I decided to do this thread because yesterday I was with a female friend who has a son that can play video games and pretty much anything any other kid can do but I heard him say to me that he doesn't need to know how to read even though he could pretty well. I said why and he told me that he is a special needs kid. I said boy please, there is nothing wrong with you, you are just as normal as any other kid. He is perfectly normal and goes to just one of the many public Lousiana schools that teaches a large number of black male students, they are retarded or slow. Many don't know but every public school has a quota of students they have to put in special ed to receive state grants and funds. Guess who they target? Many normal kid are riding the short bus nowadays, so much so that in my area, it's not even considered embarrassing any more as so many are riding the short bus. If at all possible, I would highly recommend home schooling your kids. http://www.inmotionmagazine.com/peterz1.html
I'm not discounting this post "whole cloth." But there are some other factors to consider.
Being dexterous enough to master video games does not automatically negate a learning disability.
Also, have you ever had him read to you and then tell/explain to you what he read?
Many children can "read" beautifully...meaning they can "call words" but have little to no comprehension of what they read. ---They can't tell you what it means in their own words.

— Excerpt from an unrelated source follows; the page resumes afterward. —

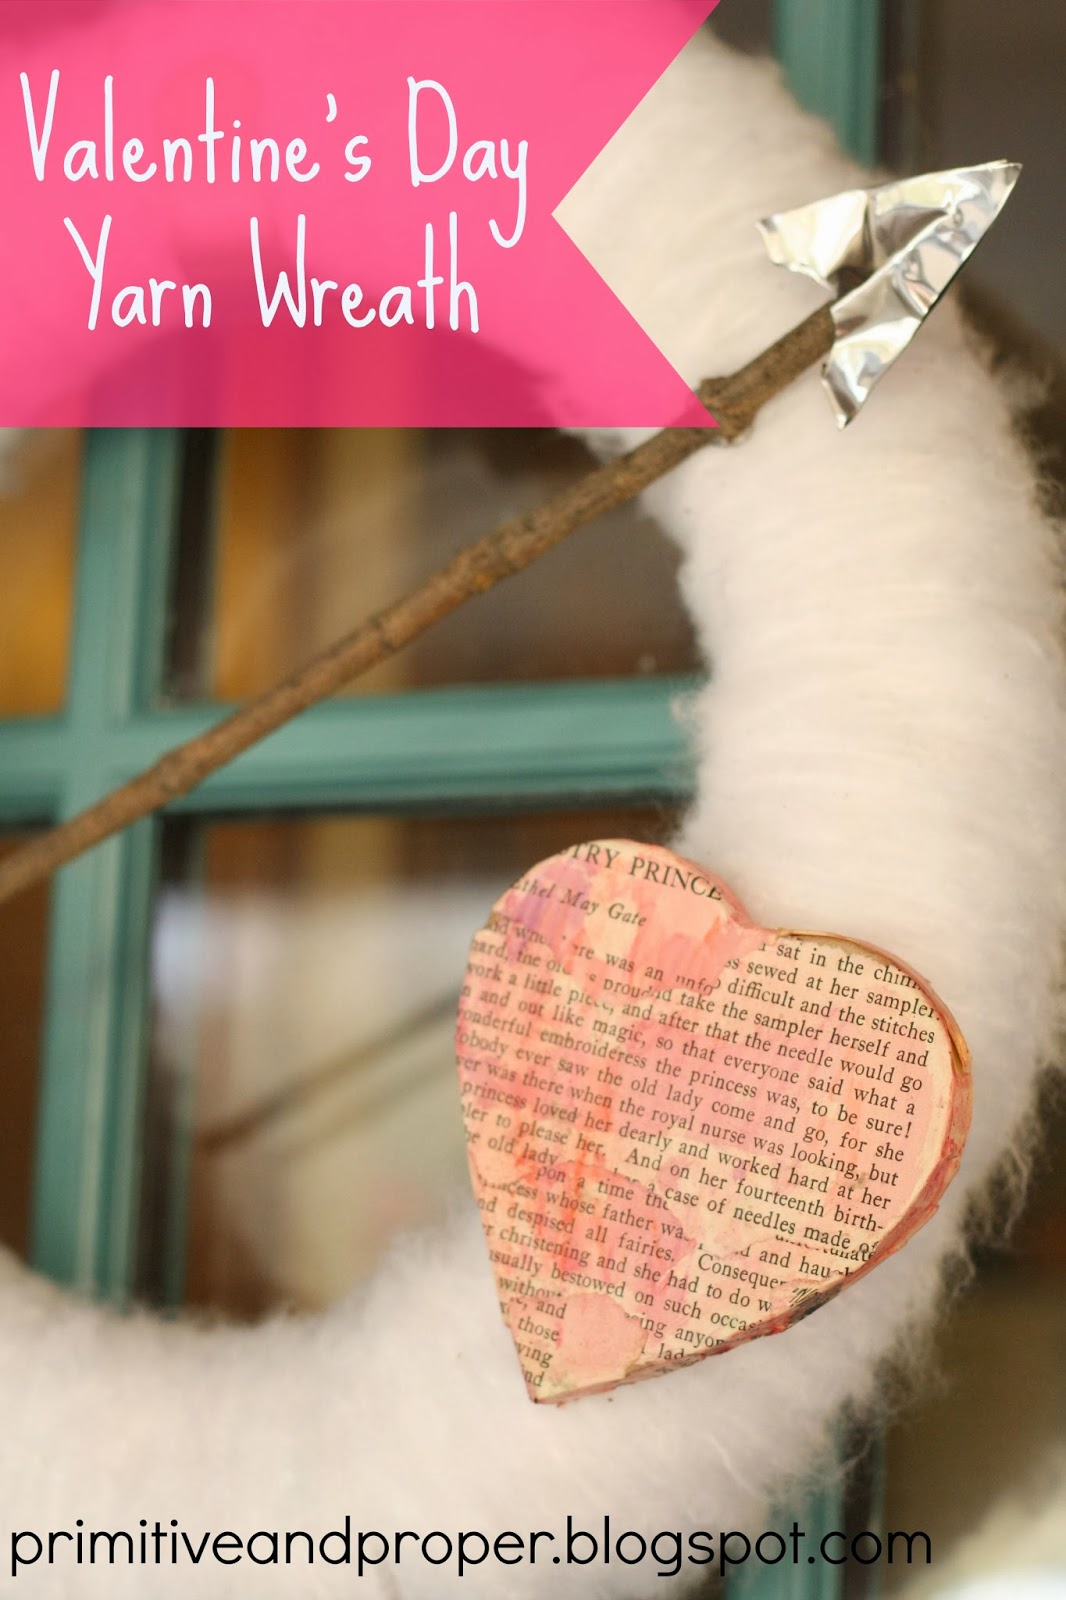 Prayers needed!!! Valentine's Heart & Arrow Wreath, Mantle, And

So, again, with LA having the history it does in poor education systems, I'm not totally discounting what you've said....But, that little boy COULD actually be "Special Needs" in some areas that you are not aware of.
Moreover, Home-schooling is not necessarily the answer either...Parents need to get more involved and invested
in their children's education....Requesting and/or paying for their child to be tested and re-tested
in subsequent school years.
However, as a former teacher myself, I can tell you that some parents are in DENIAL...They don't won't to accept that their child IS "Special Needs" and they will fight tooth-and-nail with the school to get them out.
Conversely, there are also parents who desperately want their child to be "GIFTED" and will force the child to stay in a Gifted/AP curriculum that is waaaay beyond their academic abilities.